The research goals of Project 3 are to investigate strategies for the treatment of cryptosporidiosis based on the inhibition of parasite attachment and cell invasion by monoclonal IgAs directed against sporozoite surface epitopes. Attention will be focused on developing and characterizing monoclonal IgA antibodies against surface epitopes shared by exogenous (sporozoites) and endogenous (merozoites) infectious forms to maximize the efficiency of inhibition. Specific Aim 1 will be devoted to production and analysis of dimeric monoclonal IgA clones reactive against sporozoite and merozoite surface molecules. This work will be performed at Dr. Neutra's laboratory at the Children's Hospital, Harvard Medical School. Specific Aim 2 will demonstrate in animal models the ability of IgA clones to protect mice against Cryptosporidium infection. Hybridoma cells will be injected subcutaneously to produce IgA- secreting tumors (backpack). Cells will be injected to infant Balb/C mice, simultaneously challenged with Cryptosporidium oocysts to determine protection against infection, and to weaned SCID mice chronically infected to determine impact on clearing existing infection. The impact of an oral course of IgA antibodies will also be tested; monoclonal antibodies will be fed to infant mice simultaneously challenged with Cryptosporidium, and to weaned SCID mice chronically infected. A course of intravenous injections to SCID mice with evidence of hepato-biliary involvement will determine impact on Cryptosporidium infection of the biliary tree. This work will be performed jointly between Dr. Neutra's laboratory and Dr. Tzipori's at TUSVM, which are 30 miles apart. Specific Aim 3 will largely be performed at Dr. Flanigan's laboratory at Miriam Hospital, Brown University (50 miles distance). The nature of inhibition will be determined in cell culture system (HT29.74) developed by Dr. Flanigan. He will determine whether inhibition is caused by interference with, sporozoite binding, penetration, or development within the host cell. Project 3 is also responsible for program administration, and for providing services which include, i) production and regular supply of oocysts to all 3 projects, and ii) will be responsible for performing all animal challenge assays and analyses.

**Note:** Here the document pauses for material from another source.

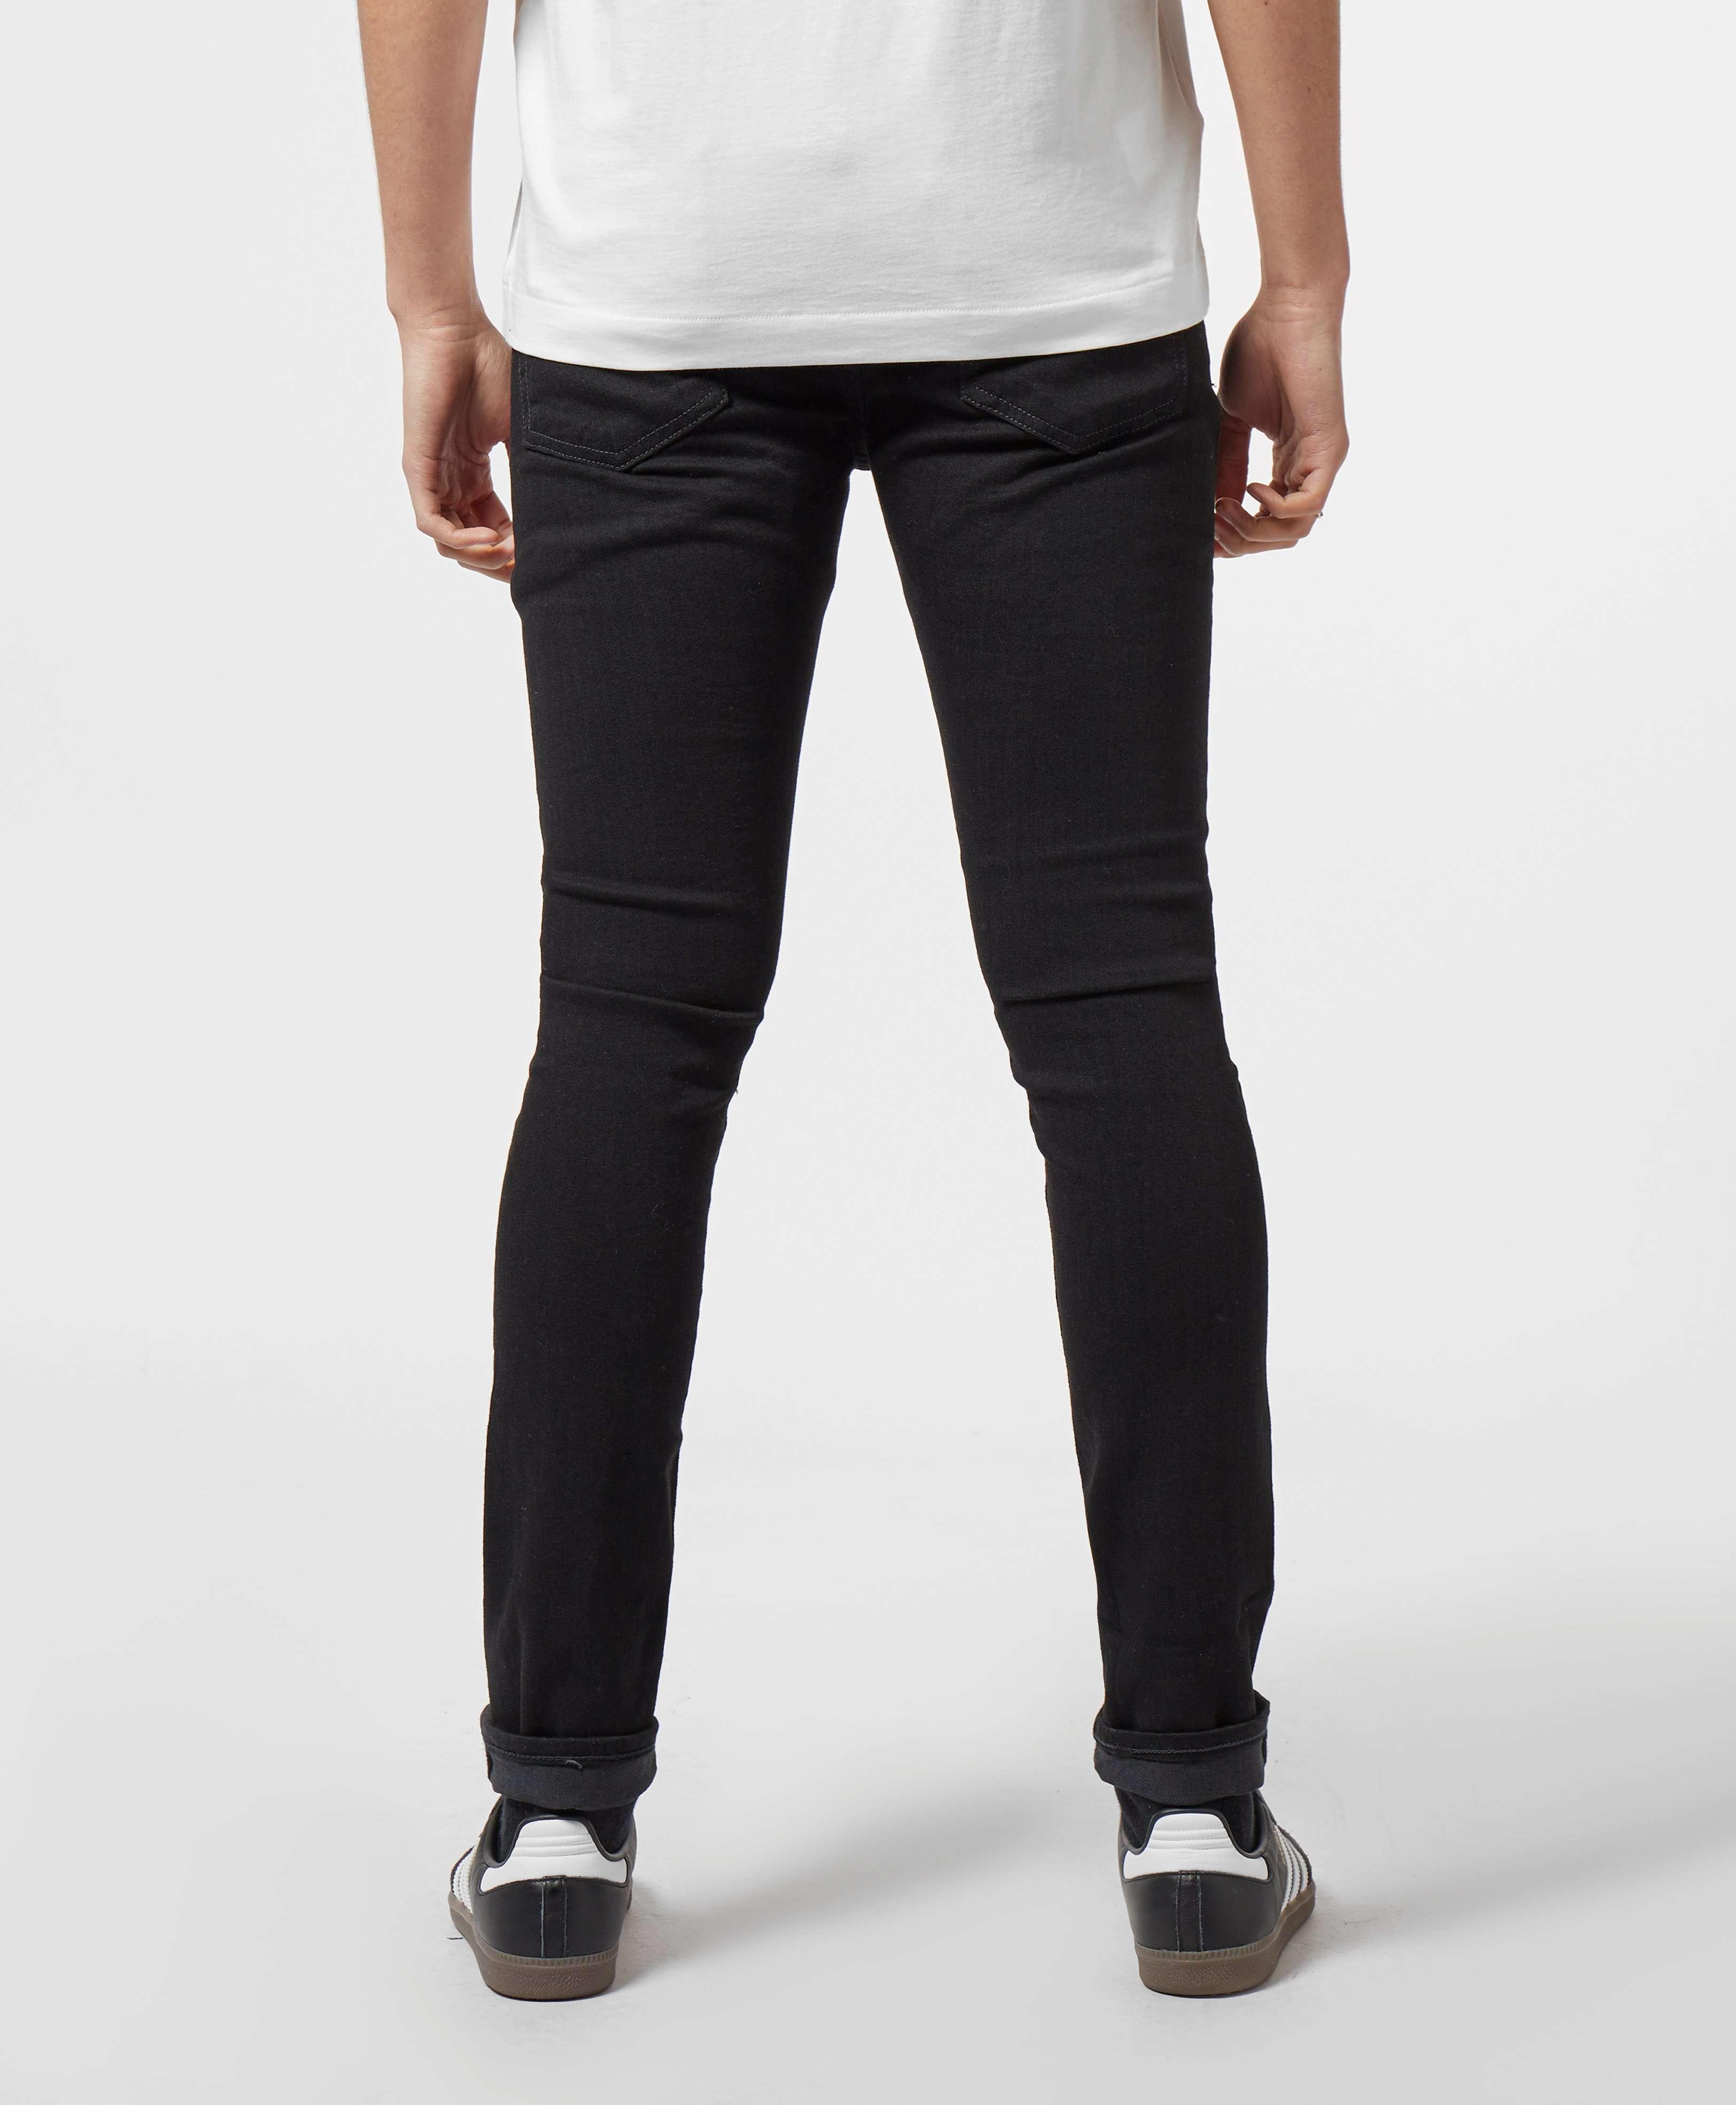 Levis 519 Stretch Extreme Skinny Jeans

项目3的研究目标是研究以下策略 基于对隐孢子虫病抑制作用的治疗 单抗免疫球蛋白诱导的寄生虫附着和细胞侵袭 抗子孢子表面表位。我们将把注意力集中在 抗人免疫球蛋白A单抗的研制和鉴定 外源(子孢子)和内源共有的表面表位 (裂殖子)感染形式，以最大限度地提高 抑制力。 具体目标1将致力于生产和分析 抗子孢子的二聚体单抗IgA克隆和 裂殖子表面分子。这项工作将在Dr。 哈佛大学医学院儿童医院的中性实验室 学校。 特定目标2将在动物模型中证明IgA的能力 克隆以保护小鼠免受隐孢子虫感染。 杂交瘤细胞将被注射到皮下产生IgA- 分泌性肿瘤(背包)。细胞将被注射给婴儿 BALB/C小鼠，同时攻击隐孢子虫卵囊 确定对感染的保护作用，并断奶的SCID小鼠 慢性感染，以确定对清理现有 感染。口服一疗程的IgA抗体的影响将 也要进行检测；单抗将喂给幼鼠 同时攻击隐孢子虫和断奶SCID 慢性感染的小鼠。一个疗程的静脉注射以治疗 有肝胆受累证据的SCID小鼠将 确定隐孢子虫对胆道感染的影响。 这项工作将由中性子博士的实验室联合完成 齐波里博士在相距30英里的德克萨斯大学支持向量机工作。 具体目标3将主要在弗拉尼根博士的 布朗大学米里亚姆医院实验室(50英里 距离)。抑制的性质将在细胞中确定 培养系统(HT29.74)由弗拉尼根博士开发。他会的 确定抑制是否由干扰引起， 子孢子在宿主内结合、穿透或发育的子孢子 手机。 项目3还负责项目管理，并负责 提供服务，包括：一)生产和定期供应 向所有3个项目提供卵囊，以及ii)将负责 执行所有动物挑战测试和分析。